● **Raw data**

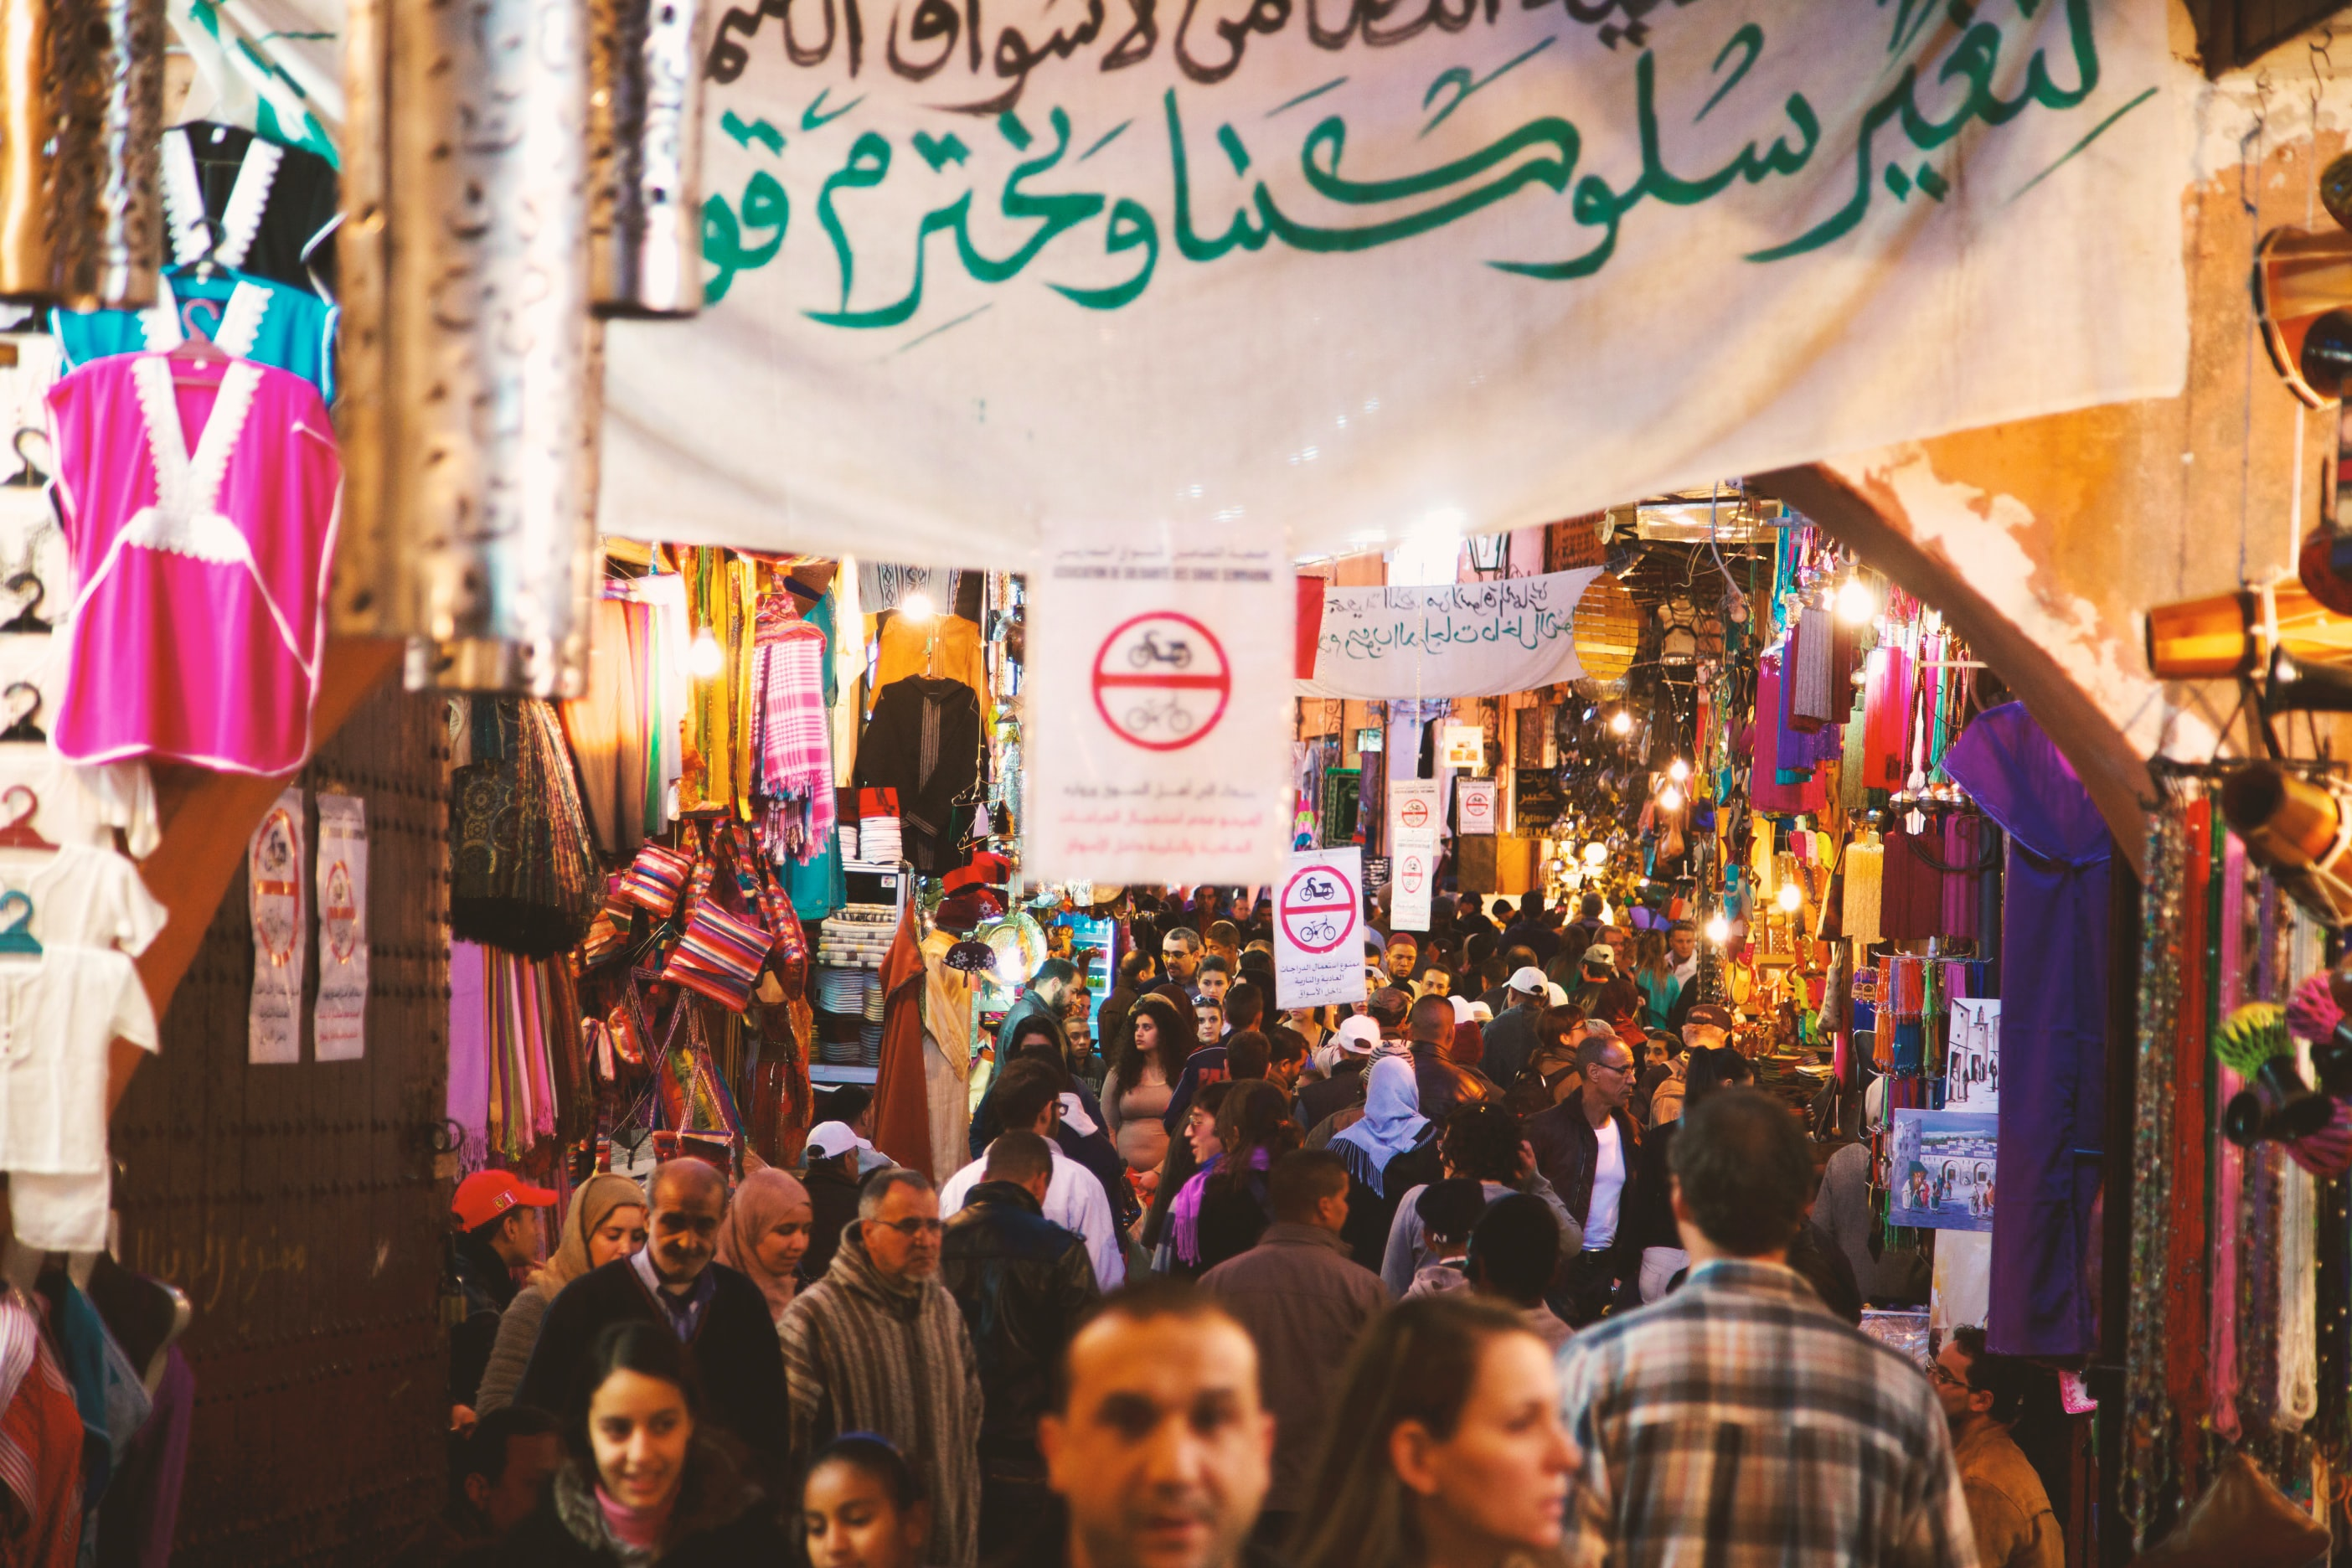 people at night market during night
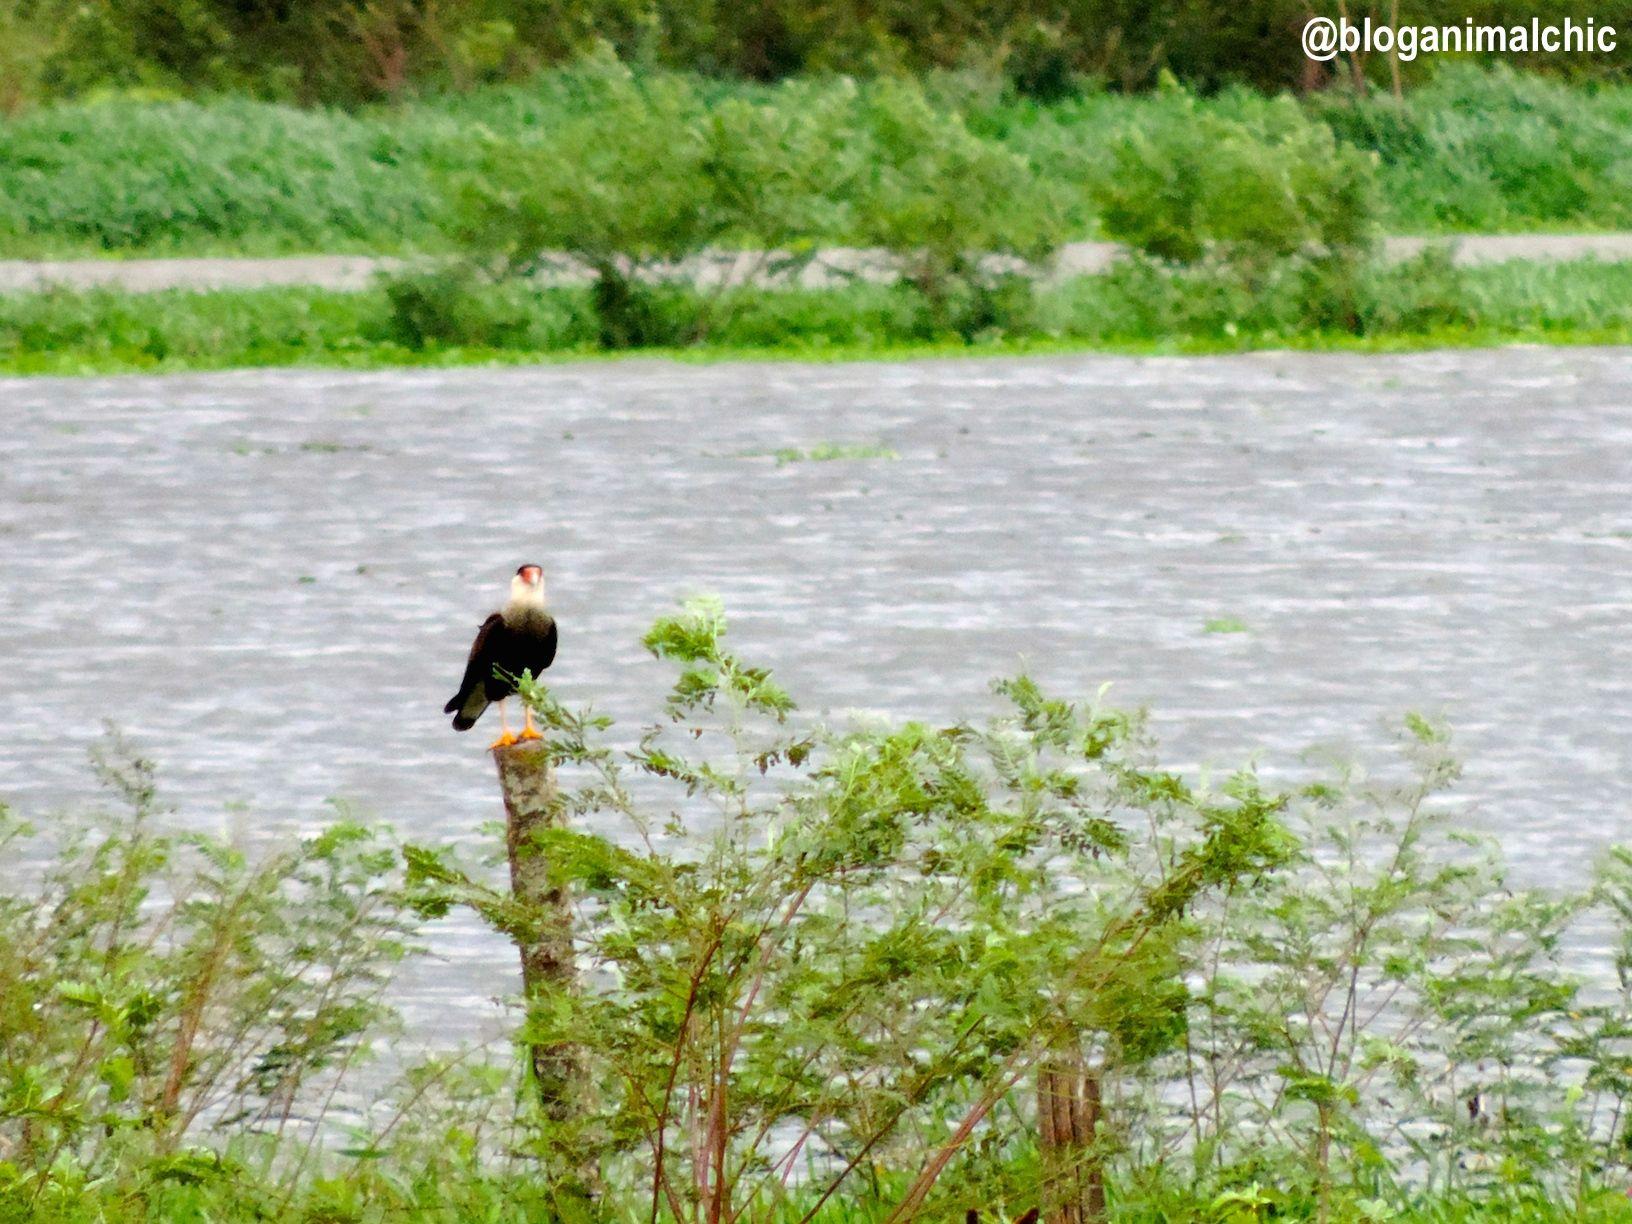 Caracará (Caracara plancus) fotografado no Tanquã, o mini-pantanal de Piracicaba/SP, em Março/14.
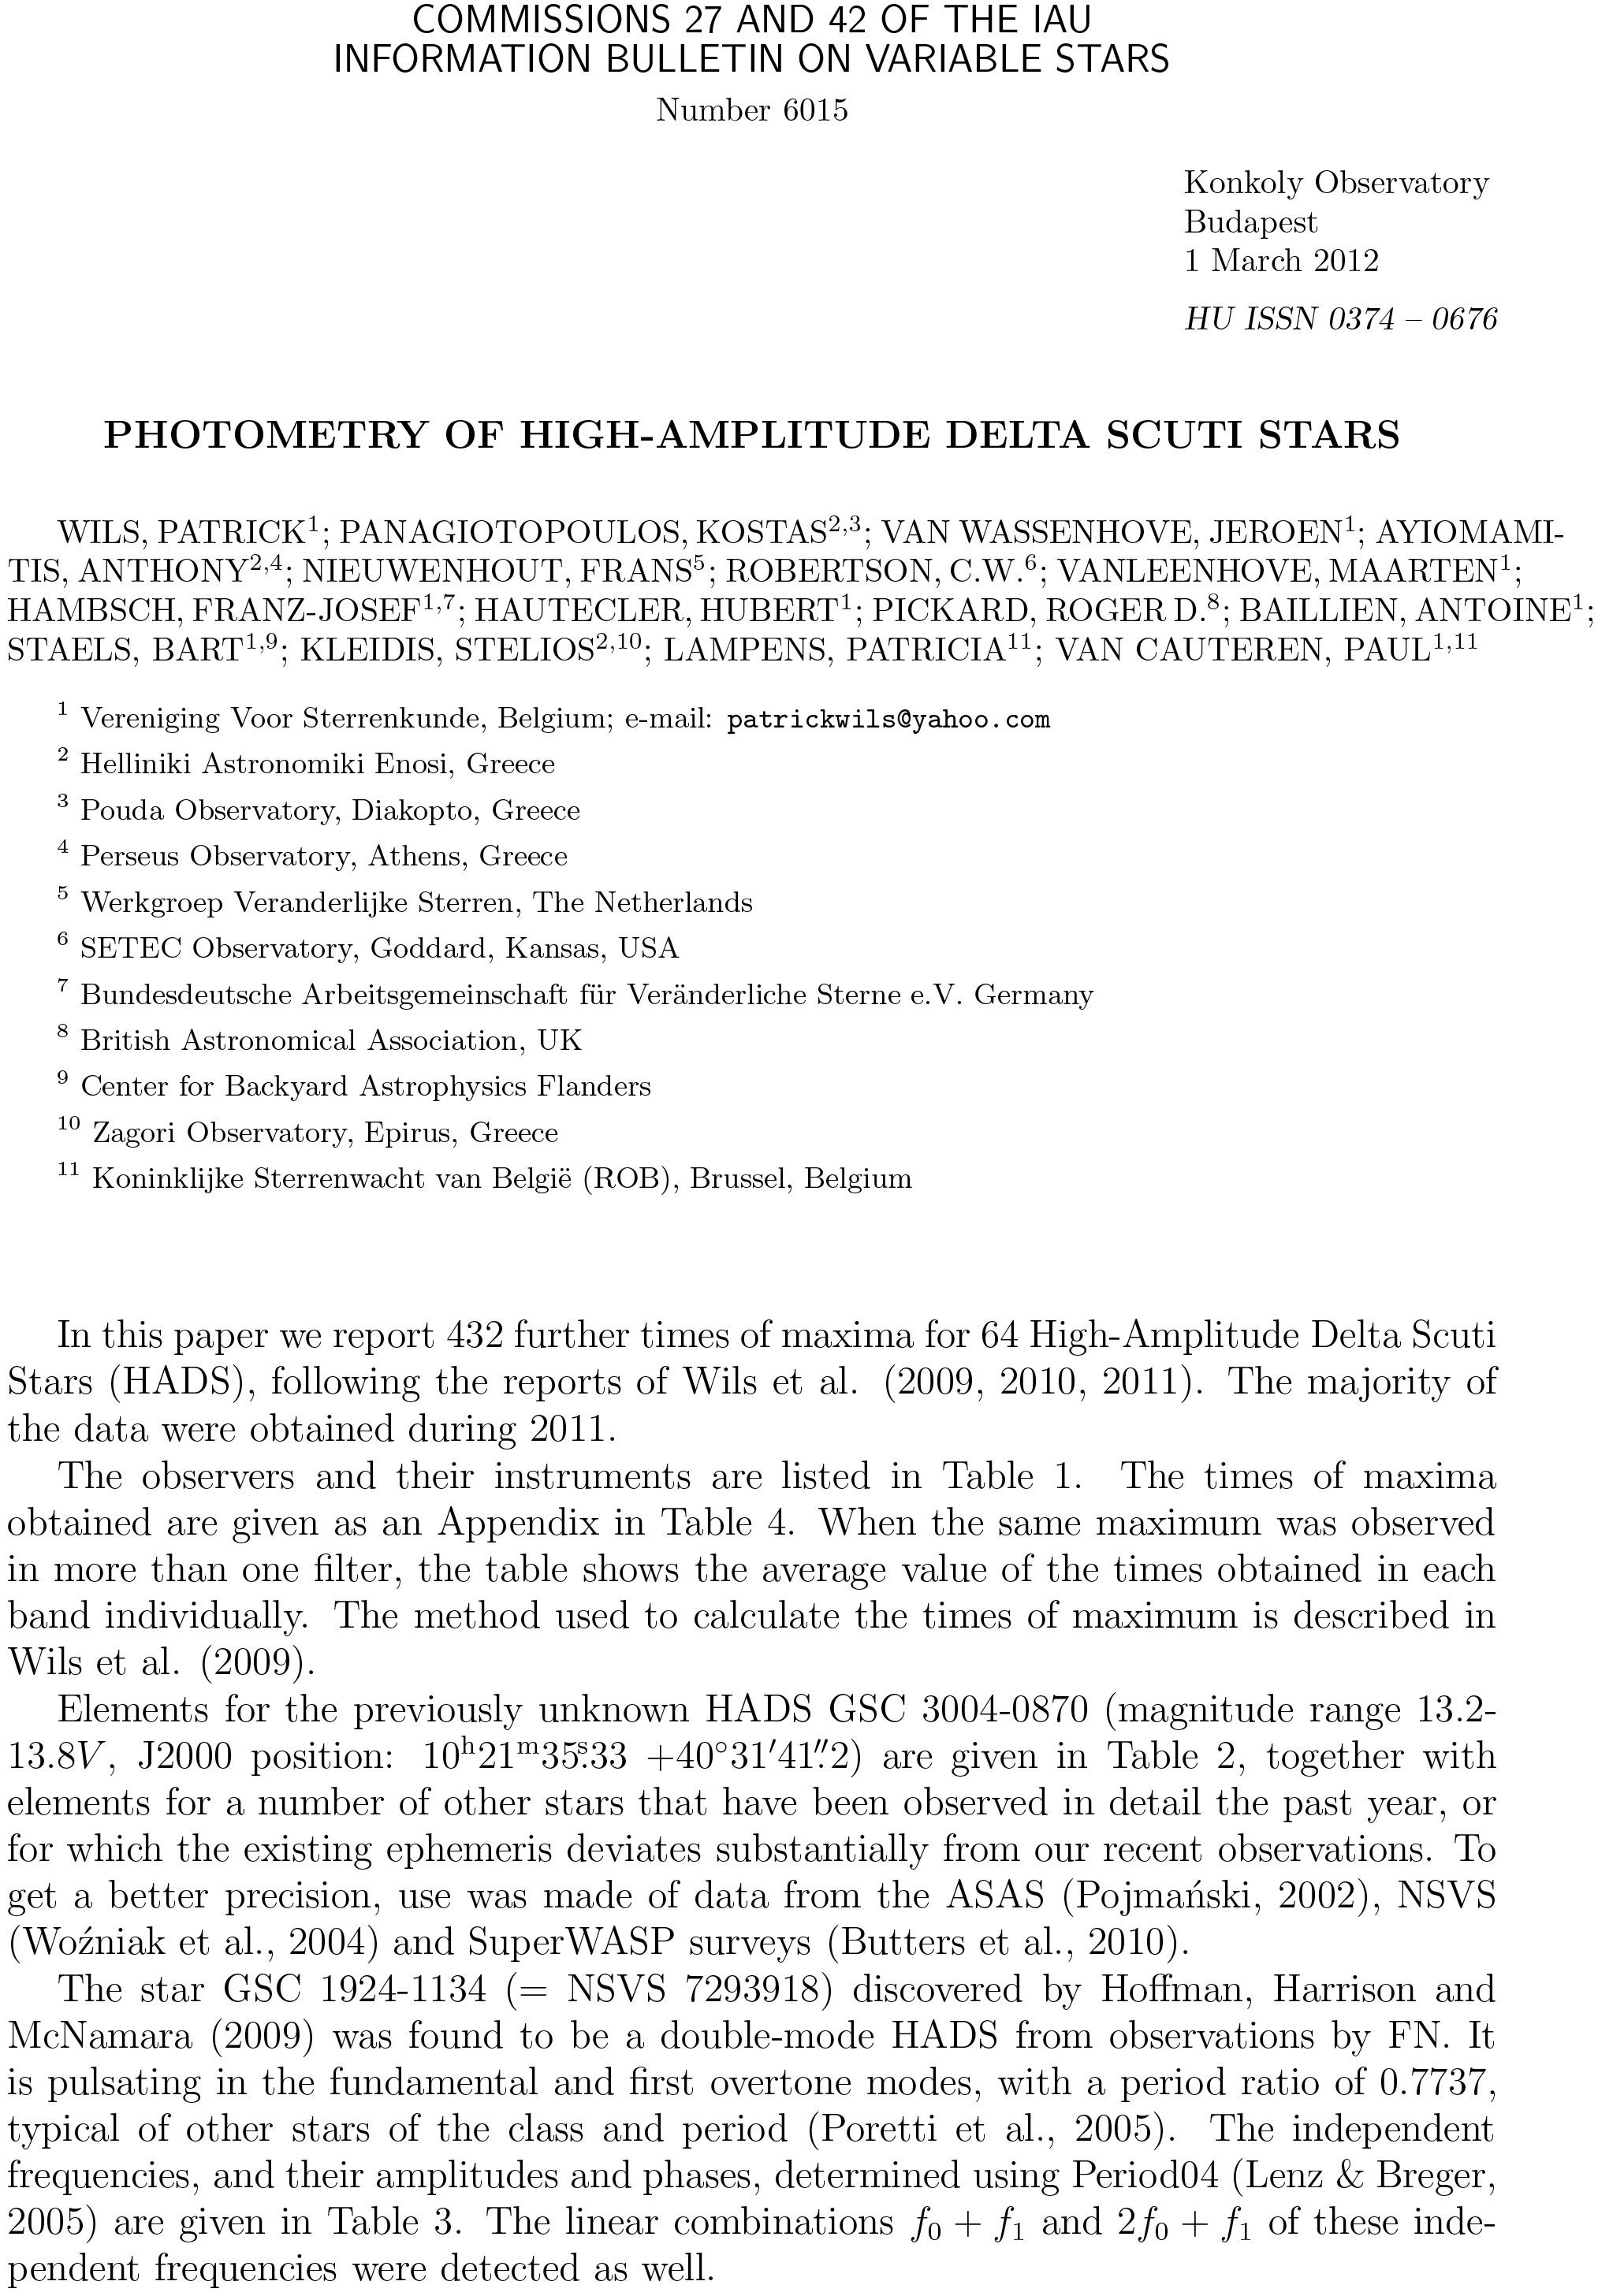 Photometry_of_High-Amplitude_Delta_Scuti

● **Instructions for the task**
The whole listing should be transcribed exactly, though its pictures must be left out.

● **Worked solution**
 people at night market during night
 Caracará (Caracara plancus) fotografado no Tanquã, o mini-pantanal de Piracicaba/SP, em Março/14.
 Photometry_of_High-Amplitude_Delta_Scuti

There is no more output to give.